Divan Çavuşu:Osmanlı kaninesi olan Divan-ı hümayunda protokol ve düzenden sorumlu kişi
Oğuz boylarının her birinin de kendine göre farklı giysileri vardı. Kimi boy Çin hatta Tibet'ten etkilenirken, kimi daha çok Arap-İran'ın etkisinde kaldı. Osmanlı Kayı Aşireti'nin yer aldığı Oğuz, Karluk, Kıpçak, Çiğil, Yağma, Kençek, Peçenek, Uz bu boylardan bazılarıydı. Boyların giysilerinde büyük farklılıklar olsa da, kadın ve erkek giysileri birbirine çok benziyordu. Selçuklu Devleti'nde hükümdarlar işbaşına geldiğinde, mutlaka en büyük İslam Halifesi için hutbe okutur ve Bağdat'tan gönderilen özel giysisini giymek için halifeden izin alırdı. Hil'at denilen bu özel giysi, o günkü koşullarda elde edilmesi çok güç olan kaliteli bir dokumadan yapılırdı.
Katip Efendi: Devlet dairelerinde yazı işlerinden sorumlu kişi
Özellikle yün ve yün keçe kullanıyordu
Türkler kumaş olarak deve yünü, pamuk ama özellikle yün ve yün keçe kullanıyordu. Özellikle keçe, şapkadan pardösüye kadar pek çok giyside tercih ediliyordu. Türkler 'in 10-12'nci yüzyıllardaki giysilerine ait bazı özellikler, Bağdat yakınlarındaki Samarra'da görülmekte. Burada genel olarak Abbasi halifelerinin saraylarında askerlik yapan Türk boylarına ait çok çeşitli duvar tasvirlerine de rastlanır. Bu tasvirlerden, o dönemde ayak bileklerinden bağlı şalvarlar, bele sıkıca bağlanan ve ucu sarkık duran kemerler, canlı desenlerin yaygın olduğu anlaşılıyor. Ayrıca giysilerde ipek kumaş ve sırmalı işlemelerin ön plana çıktığı görülüyor. Bugüne kadar gelen bazı giysi türleri de Selçuklulardan kalma.

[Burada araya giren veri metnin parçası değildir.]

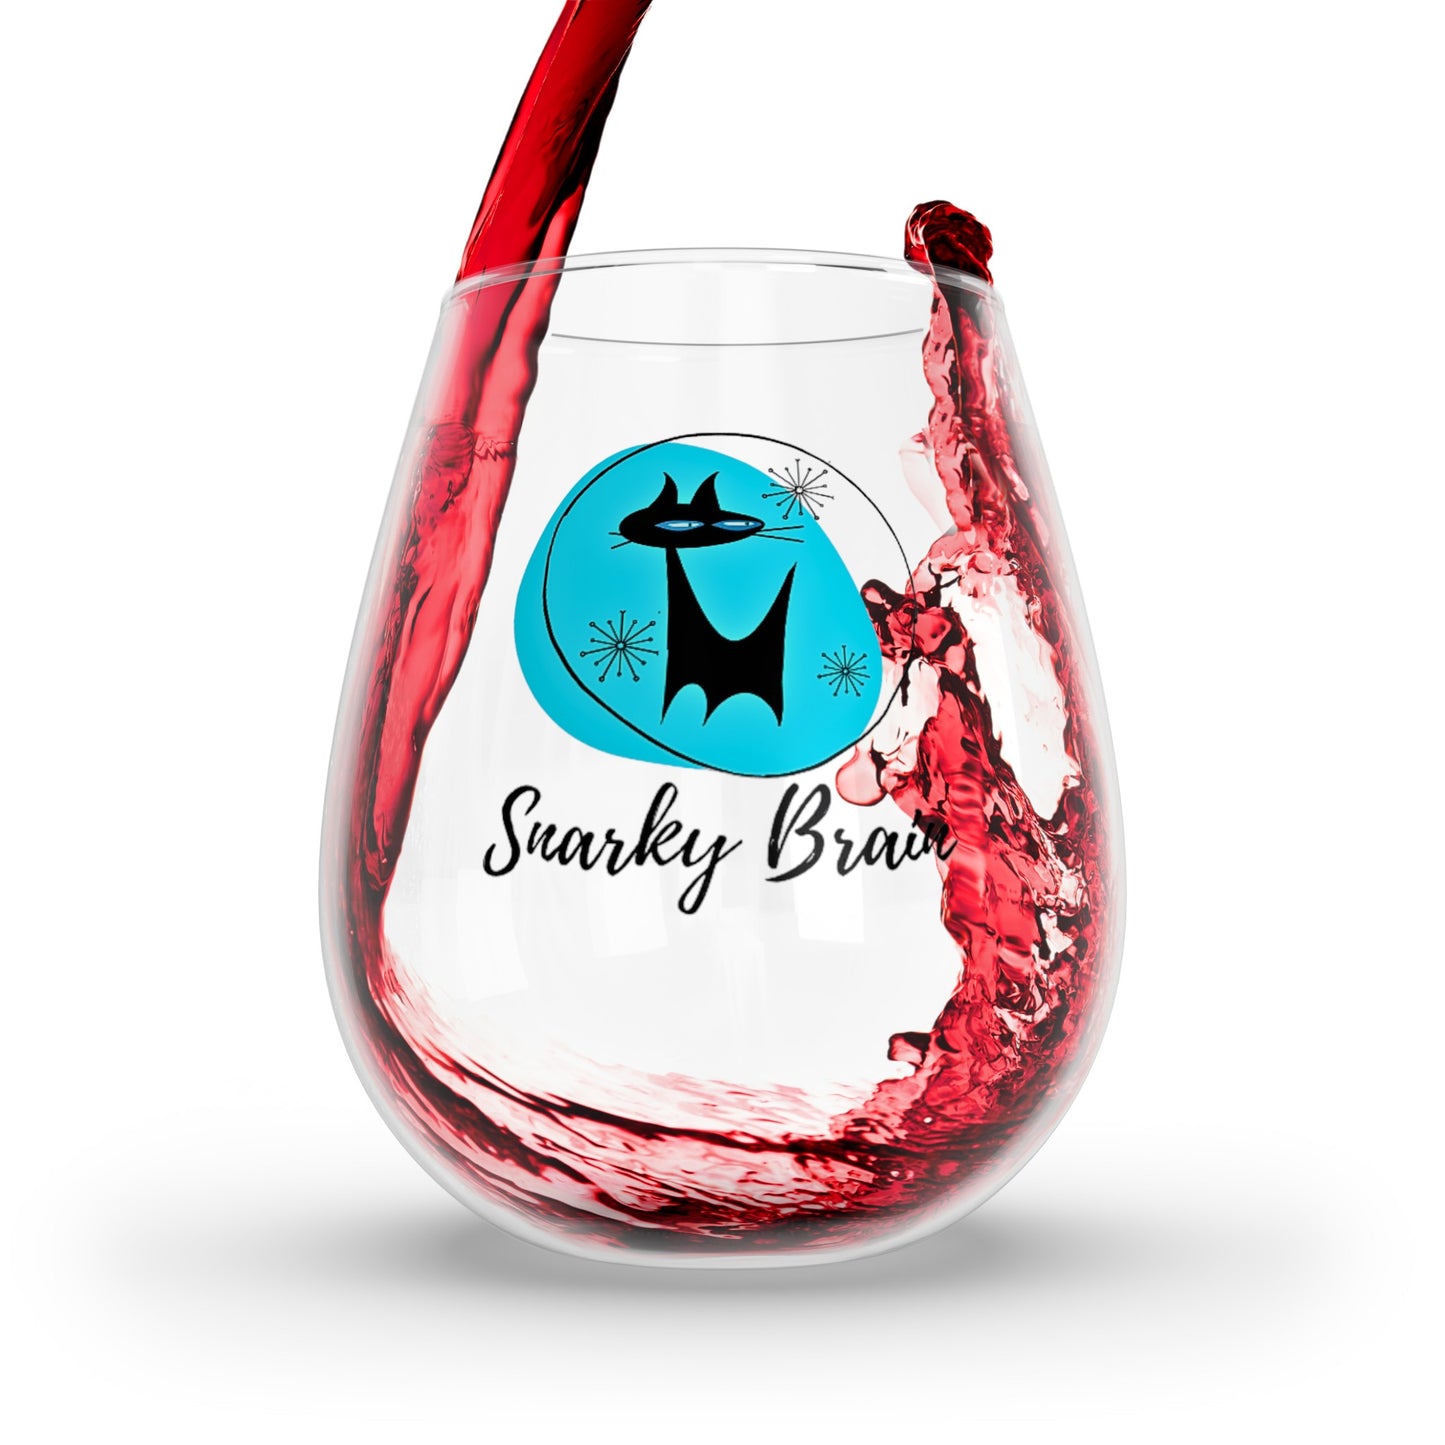 Snarky Brain Midcentury Modern Atomic Cat Turquoise Cocktail Party Stemless Wine Glass, 11.75oz
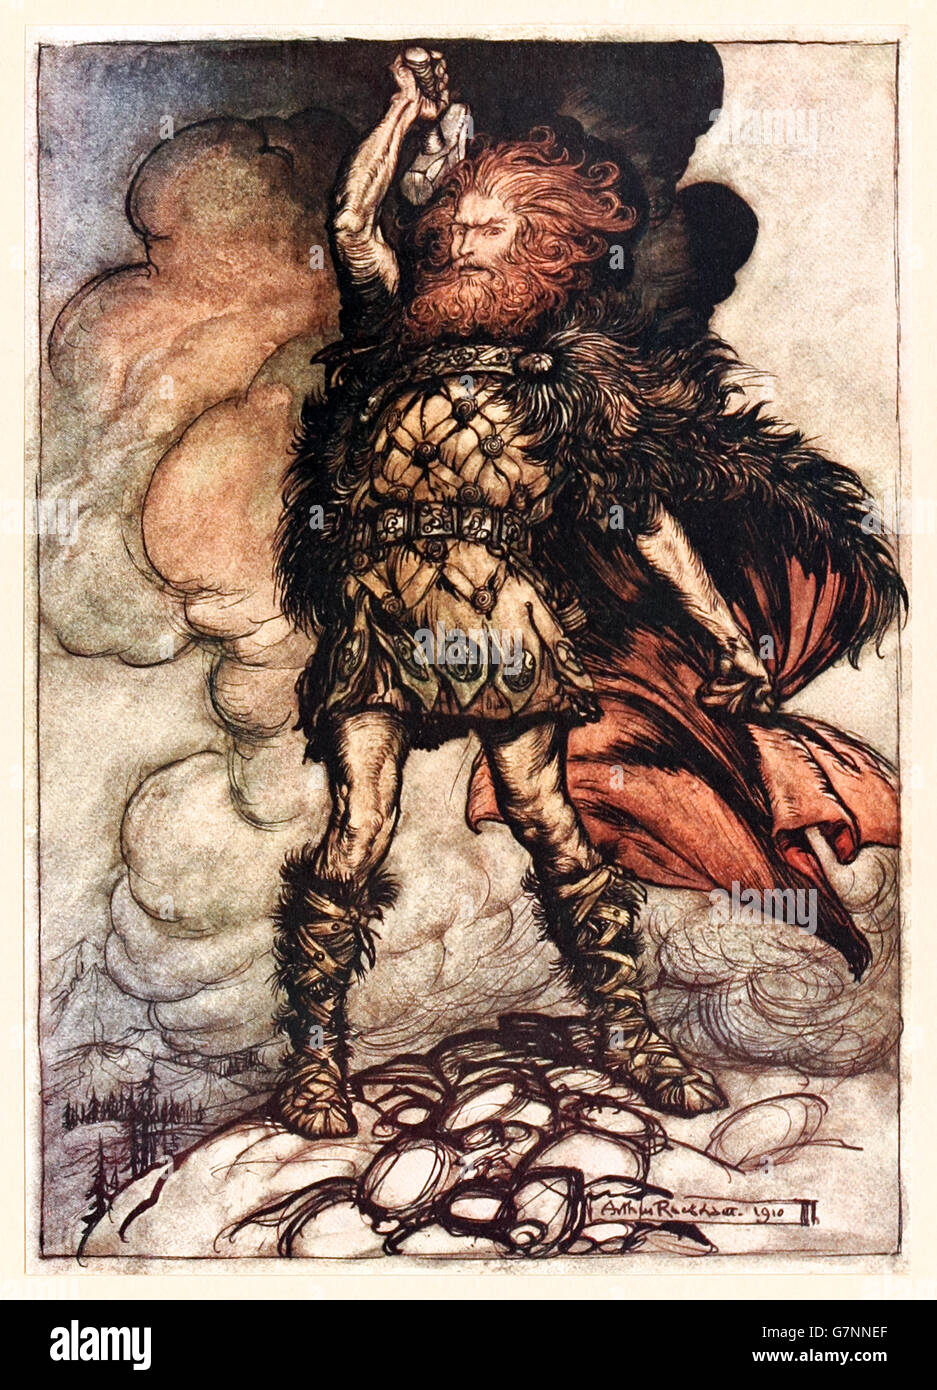 “To my hammer’s swing Hitherward sweep Vapours and fogs! Hovering mists! Donner, your lord, summons his hosts!”  from ‘The Rhinegold & the Valkyrie’ illustrated by Arthur Rackham (1867-1939), published in 1910. Donner summons a thunderstorm to clear the air for the gods crossing into their new home Valhalla. Stock Photo

Örneğin üste giyilen giysilerin tamamına "don" denirdi. Donanmak, buradan geliyor. Kaftan kelimesinin aslı da Çağatayca "kaptan", "ferace" kelimesinin aslı "ferecciye'dir. Cepken 'in aslı kısa bir üstlük anlamına gelen "çek men", gömleğin aslı "göynek"tir. Kumaş türü olarak bilinen "Çuha"nın esası da "Çoka"dır ve bu kelime Gürcistan'da hala günlük dilde yer alır.
İslam kültüründen kaynaklanan özellikler
Osmanlı giyim kültürü, bütünüyle kendine özgü ve İslam kültüründen kaynaklanan önemli özelliklere sahip. Osmanlı İmparatorluğu'nun kuruluş ve gelişme aşamalarını kapsayan 1453'lere kadar ki dönemde Osmanlı giysileri iki özellik taşıyor. Bu özelliklerden biri, Osmanlı giysilerinin İslami ve Arap giysilerinden esinlenerek tasarlanmış olmasıdır. Bunlar, abdest almaya, namaz kılmaya uygun, giyip çıkartması kolay giysilerdir. İkinci özelliği ise fazla el işçiliği istemeyen bu giysilerin bir köy terzisi tarafından da kolayca dikilebilmesidir.